(Recorded information begins)

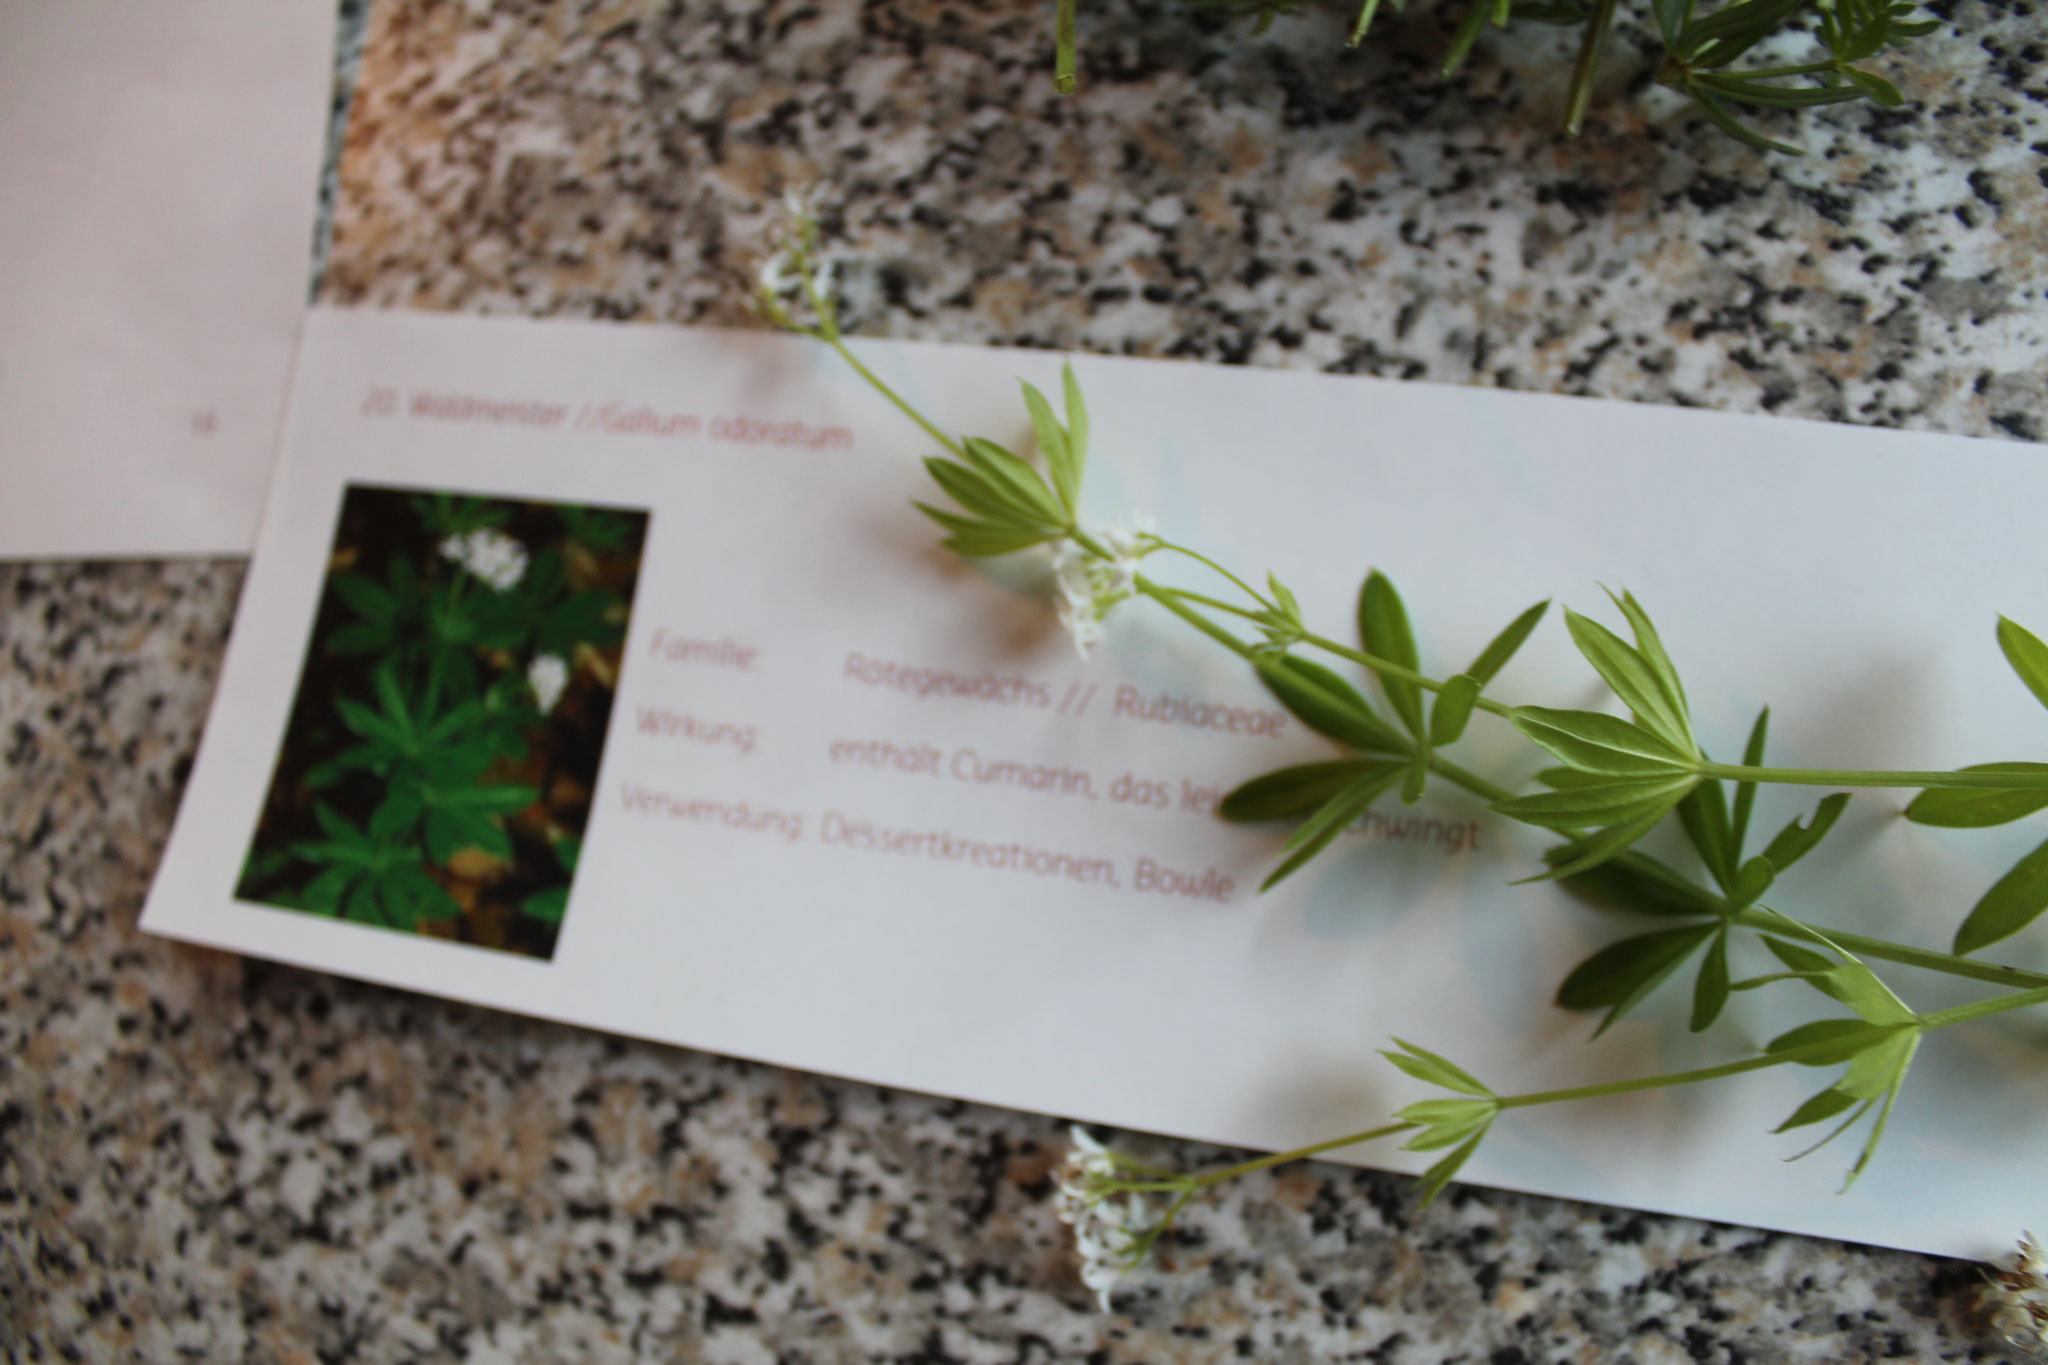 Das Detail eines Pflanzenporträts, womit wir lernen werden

(Recorded information ends)
(Recorded information begins)

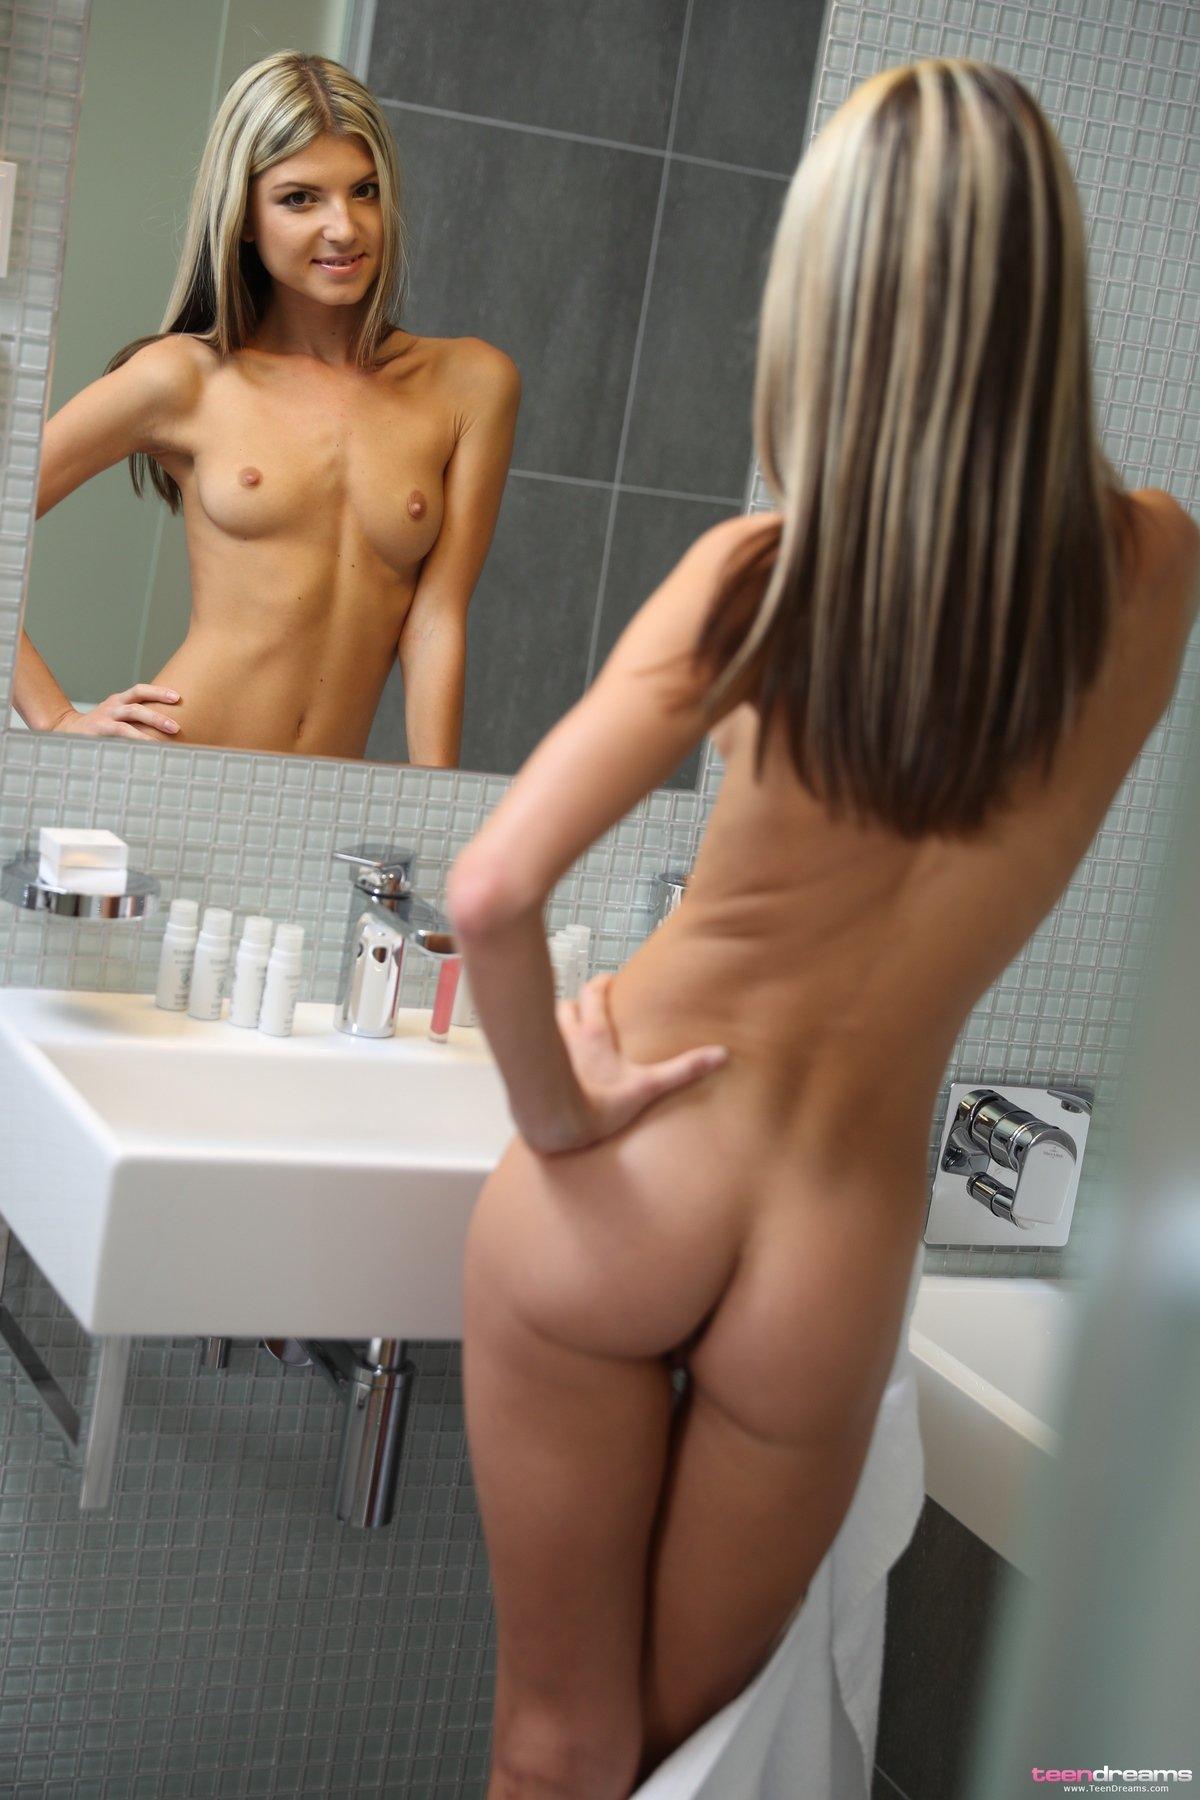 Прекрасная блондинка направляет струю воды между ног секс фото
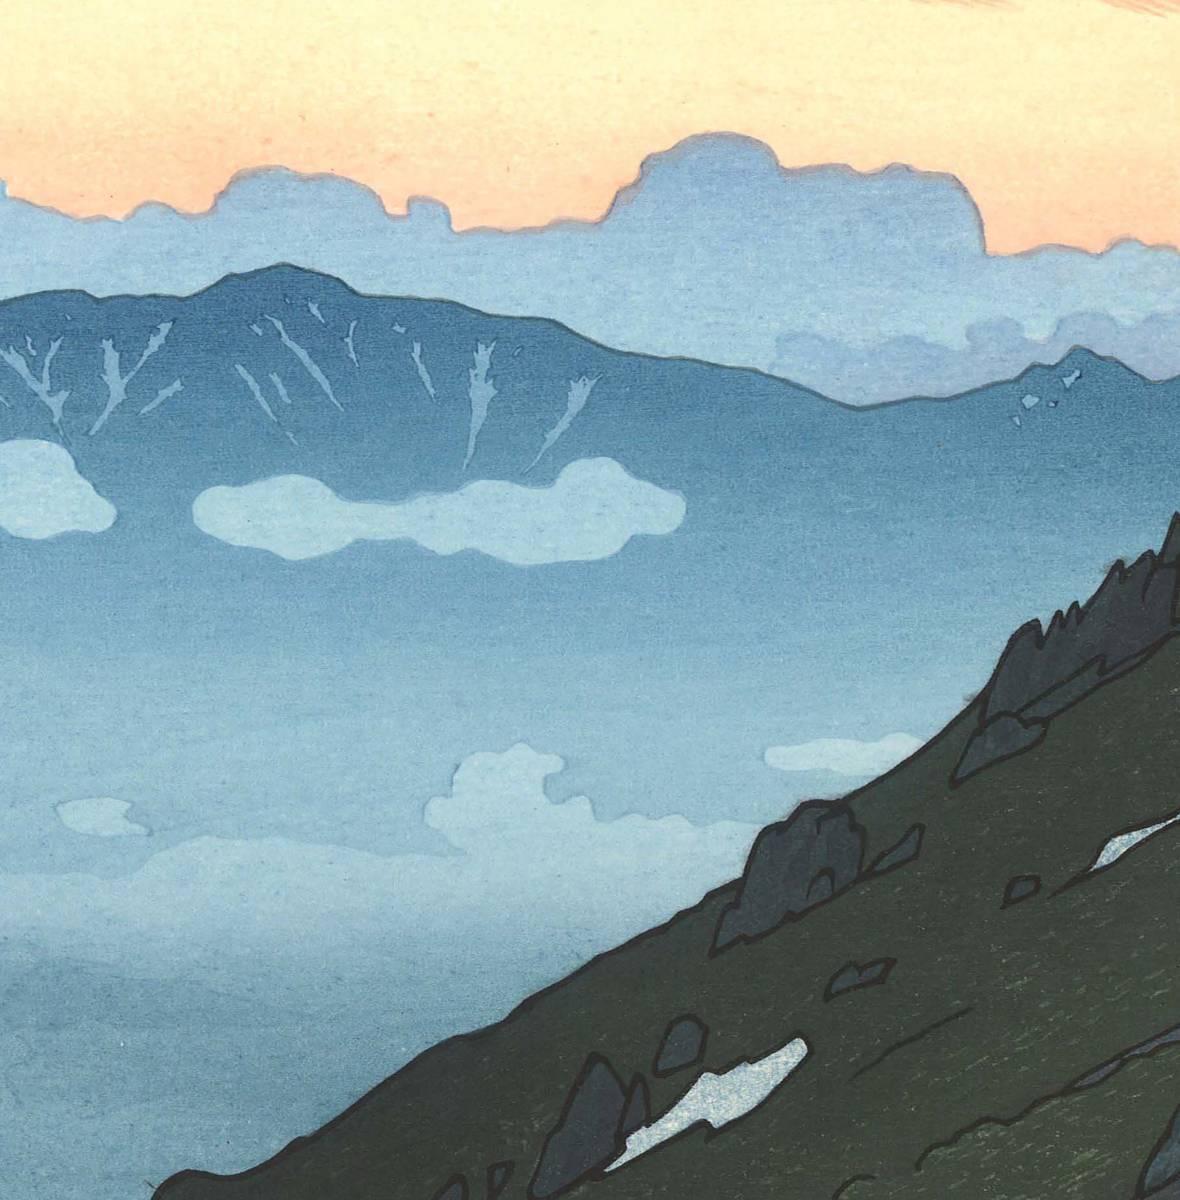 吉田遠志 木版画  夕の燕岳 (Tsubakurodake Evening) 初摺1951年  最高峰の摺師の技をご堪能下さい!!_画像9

(Recorded information ends)

# Task brief:
With the pictures left out, write out exactly the lines above from the one containing "Прекрасная блондинка направляет" through the one containing "夕の燕岳 (Tsubakurodake Evening)".

# Answer space:
 Прекрасная блондинка направляет струю воды между ног секс фото
 吉田遠志 木版画  夕の燕岳 (Tsubakurodake Evening) 初摺1951年  最高峰の摺師の技をご堪能下さい!!_画像9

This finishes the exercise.